The v6.18 code exactly matches the "before" state of the diff. The patch
would apply cleanly to v6.18.y.

---

## Complete Analysis

### 1. COMMIT MESSAGE ANALYSIS

The subject "drm/xe: Covert return of -EBUSY to -ENOMEM in VM bind
IOCTL" (note: "Covert" is a typo for "Convert") describes a fix for
incorrect error code semantics. The commit message explains that
`xe_vma_userptr_pin_pages` can return -EBUSY, but -EBUSY has a
**dedicated meaning** in VM bind IOCTLs: it signals that a user fence
attached to the VMA is pending. Returning -EBUSY from a memory
allocation failure path causes userspace to misinterpret the error.

The commit has a "Reviewed-by:" tag from Tejas Upadhyay and is authored
by Matthew Brost, a key Intel Xe driver developer. No "Reported-by:"
tags, suggesting this was found through code review/development rather
than user reports.

### 2. CODE CHANGE ANALYSIS

The change is minimal (10 lines added, 1 changed in a single file). It
wraps the `xe_vma_userptr_pin_pages` call in the `new_vma()` function
with a brace block, adds a check for `err == -EBUSY`, and converts it to
`-ENOMEM` with a well-documented comment explaining the rationale.

The bug mechanism:
1. `new_vma()` is called during VM bind IOCTL operations for MAP
   operations
2. For userptr VMAs, it calls `xe_vma_userptr_pin_pages()`
3. This function calls `drm_gpusvm_get_pages()` which calls
   `hmm_range_fault()`
4. `hmm_range_fault()` can return -EBUSY when there's contention/memory
   pressure
5. After retries with timeout, `drm_gpusvm_get_pages` propagates -EBUSY
   out
6. This -EBUSY bubbles up to userspace through `new_vma` ->
   `vm_bind_ioctl_ops_parse` -> `xe_vm_bind_ioctl`
7. BUT -EBUSY in VM bind means "user fence is still pending" (see
   `check_ufence()` at line 2862-2875)
8. Userspace interprets -EBUSY as a fence pending signal, not an OOM
   condition

### 3. CLASSIFICATION

This is a **bug fix** that corrects incorrect IOCTL error semantics.
When a VM bind fails because HMM couldn't fault pages due to memory
pressure, userspace should receive -ENOMEM (indicating memory pressure)
rather than -EBUSY (which implies "try again later, fence is pending").
Returning the wrong error code could cause userspace GPU drivers (like
Mesa) to enter incorrect error recovery paths.

### 4. SCOPE AND RISK ASSESSMENT

- **Lines changed**: +10/-1 in a single file
- **Risk**: Very low.

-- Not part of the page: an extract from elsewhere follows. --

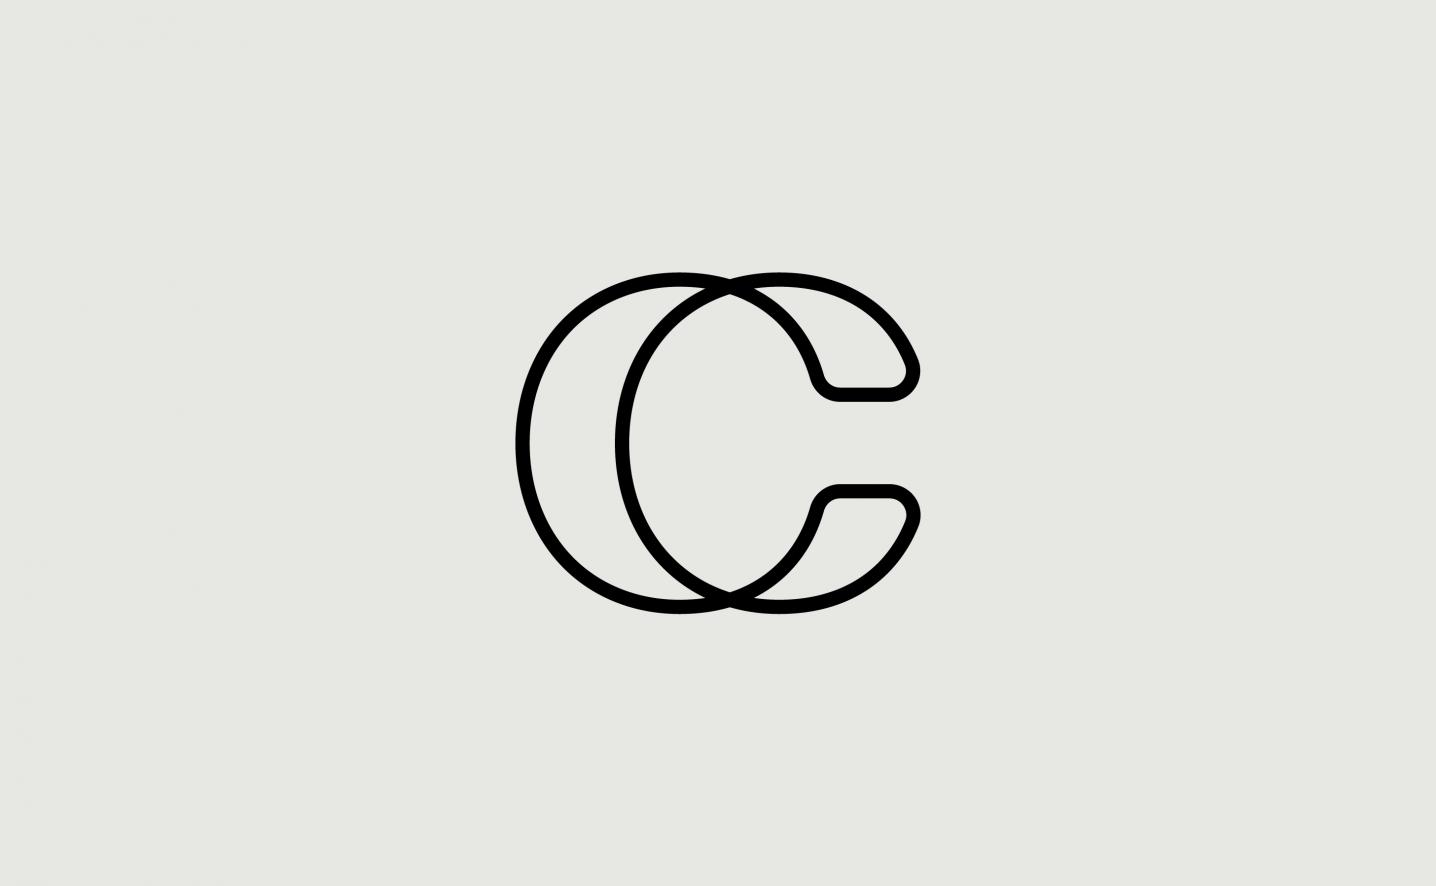 logo-design-crix-capital-london
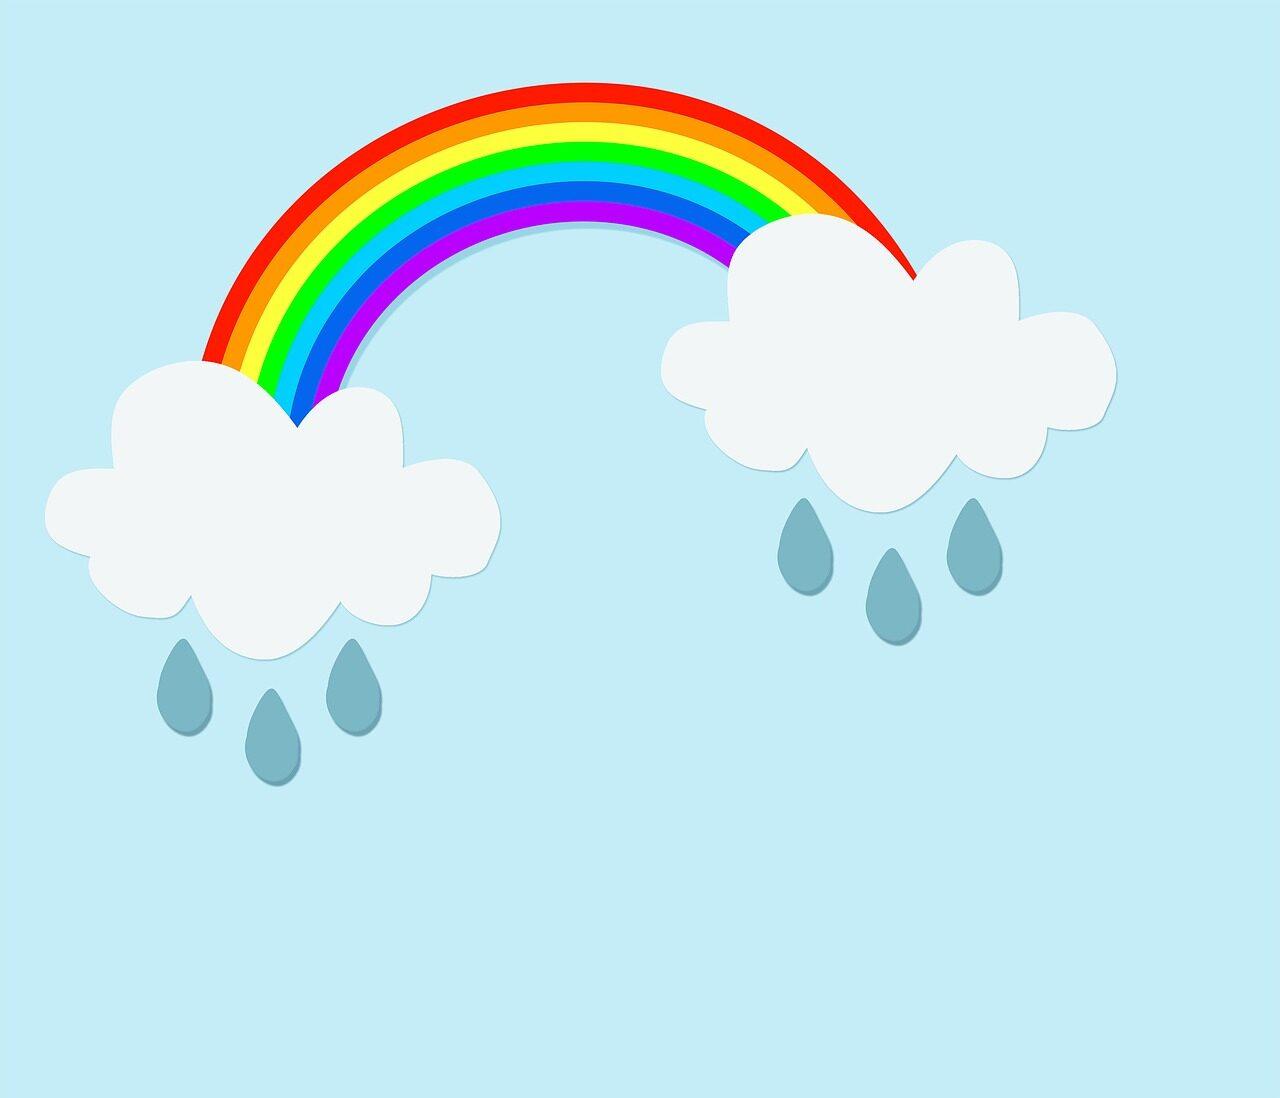 rainbow-3426111_1280.jpg

The change is purely error code translation on a
  specific error path
- **Subsystem**: Intel Xe GPU driver - a newer driver with an active
  user base
- **Could this break something?** Extremely unlikely. If userspace was
  incorrectly handling -EBUSY from this path by waiting for a fence, the
  fix actually improves behavior by returning a more actionable error
  code

### 5. USER IMPACT

- Users of Intel Xe GPUs (discrete and integrated, newer Intel hardware)
- Impact when triggered: Under memory pressure, the VM bind IOCTL
  returns wrong error code. Userspace may enter incorrect error handling
  path (expecting fence completion rather than memory pressure recovery)
- Trigger condition: Memory pressure causing HMM range fault timeouts -
  uncommon but possible under real workloads with heavy GPU usage

### 6. STABILITY INDICATORS

- Reviewed-by: Tejas Upadhyay (Intel)
- Author: Matthew Brost (Intel, core xe developer)
- Part of a 2-patch series, but this patch is self-contained (the
  companion commit 9fb1f1256e419 adds additional timeout, but -EBUSY
  already can happen without it)

### 7. DEPENDENCY CHECK

- The commit modifies `new_vma()` in `xe_vm.c`. The code structure
  matches v6.18 but NOT v6.12-v6.17 (different `new_vma` structure)
- The underlying `drm_gpusvm_get_pages` was introduced in v6.18 (via the
  drm_gpusvm move to xe_userptr.c)
- For v6.12.y (the most relevant LTS), the same bug exists but via
  `xe_hmm_userptr_populate_range`, and the fix would need manual
  adaptation
- For v6.18.y, the fix applies cleanly

### 8. ADDITIONAL OBSERVATIONS

The PREFETCH path at line 2740 has the same unhandled -EBUSY issue but
is NOT fixed by this commit. This is a minor concern but doesn't
invalidate the fix's value for the MAP path.

### VERDICT

This is a real bug fix that corrects incorrect IOCTL error semantics in
the Xe GPU driver. The wrong error code (-EBUSY vs -ENOMEM) could cause
userspace to mishandle memory pressure situations by thinking a fence is
pending. The fix is small, well-contained, low-risk, and has been
reviewed. It applies cleanly to v6.18.y (and conceptually to older trees
with adaptation). While the trigger condition (HMM timeout under memory
pressure) is not extremely common, the consequences of wrong error
handling in userspace can be significant (infinite waits, incorrect
retry behavior).

**YES**

 drivers/gpu/drm/xe/xe_vm.c | 11 ++++++++++-
 1 file changed, 10 insertions(+), 1 deletion(-)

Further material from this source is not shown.